I just finished reading Art Byrne’s new book. Mr. Byrne is famous in Lean circles; he’s the leader who pioneered Lean at Wiremold Corporation. The book is called The Lean Turnaround: How Business Leaders Use Lean Principles to Create Value and Transform Their Company (by Art Byrne with a forward by James P. Womack.) It’s aimed at executives in companies striving to achieve Lean Enterprise – the so-called “C-Level Executives.” It’s a good read. Click here for the link to Amazon.
The purpose of the book is to show how business leaders can use Lean principles to create value and transform their companies into powerhouses of growth and profitability. Mr. Byrne addresses every aspect of Lean transformation from the leader’s point of view. While the book does not lay out a lot of tools or methods, it instead is mainly focusing with the leadership of Lean change.
I’d like to put a spot light on two issues Mr. Byrne covers that are near and dear to my heart: value streams and Lean Accounting.

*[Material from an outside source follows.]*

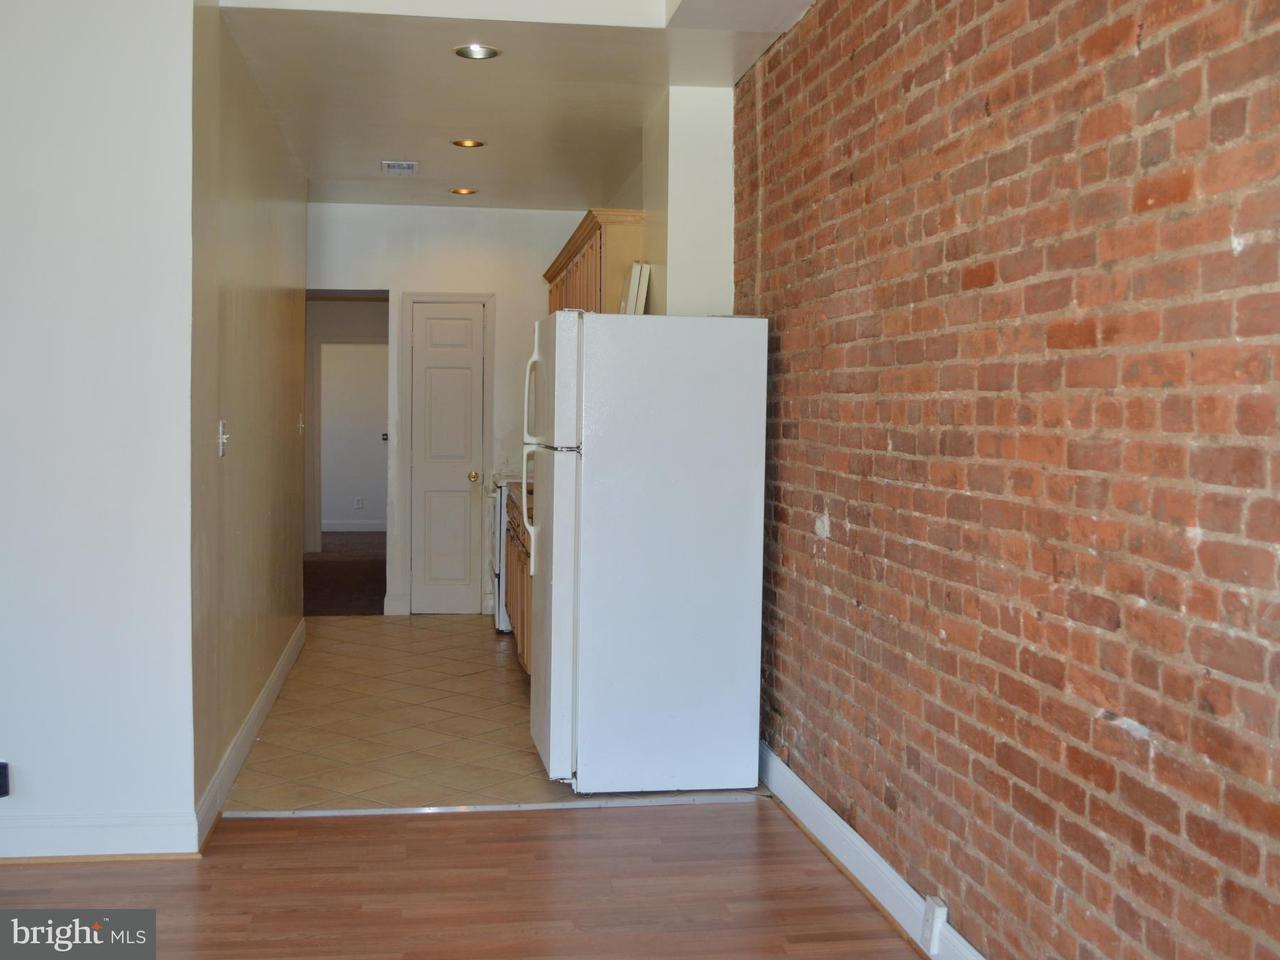 Additional photo for property listing at 1679 MONTELLO AVE NE 1679 MONTELLO AVE NE Washington, コロンビア特別区 20002 アメリカ合衆国

Reorganize Around Value Streams
Mr. Byrne writes, “You cannot just drop Lean on a traditional structure and hope to be successful. You will need to make a fundamental change to a value stream structure. Determine the new roles for value stream leaders or managers, and then announce this to your organization before you begin your first serious kaizen effort.”
He then adds, “The biggest and most common mistake that I see companies make is thinking they can somehow move to a Lean strategy while preserving their traditional organizational structure.”
I was really pleased to see such a straightforward and strong explanation of the importance of a value stream organization. This is what Wiremold did very successfully. In my own experience, working with many companies over the last ten years or so, it is clear that focusing your company around value streams is critical. Why?
- Value streams as where value is created
- The value stream is where the waste is, and the value stream organization makes it easy to “see” the waste.
- The waste is where the flow stops.
- Value streams enable single-piece flow, pull systems, and continuous improvement by the people in the process.
- A value stream organization enables clear accountability for sales, cost, profitability, and cash flow.
I recently wrote an article entitled: WHY CREATE A VALUE STREAM ORGANIZATION which puts forward the many reasons I’ve discovered among BMA Inc’s customers for moving into value streams. Click here to read the article. (BMA Web site.)
Mr. Byrne observes, “Of all the excess baggage that traditional companies carry, the most intractable is standard-cost accounting. This system encourages much of the bad behavior you will be working hard to eliminate. It is the number one thing you DO NOT NEED, and I strongly recommend that you convert to Lean Accounting methods as soon as possible.”
He goes on to show that traditional accounting reports have “useless management information.” He asserts that “absorption accounting … twists behavior by making shop-floor managers more interested in hitting absorption goals than [in] making what the customers want.”
I’ve had direct personal experience with the resistance that comes up when, in my work, I challenge companies to stop standard costing. I tell them it’s like crack cocaine — just stop it. You don’t need it, and it’s bad for you!
Mr. Byrne also observes that “in addition to standard cost accounting, there are many other traditional measurements that you need to change or get rid of.”
Once again, I was very pleased to read this explanation of the imperative need for Lean Accounting to buttress Lean transformation. I have focused my own work with BMA Inc. on helping companies around the world introduce practical methods to transform their accounting, control and measurement systems, so their systems affirmatively support Lean behaviors. It feels good to see one of the giants in our industry make such a clear, concise, and forceful recommendation for Lean Accounting.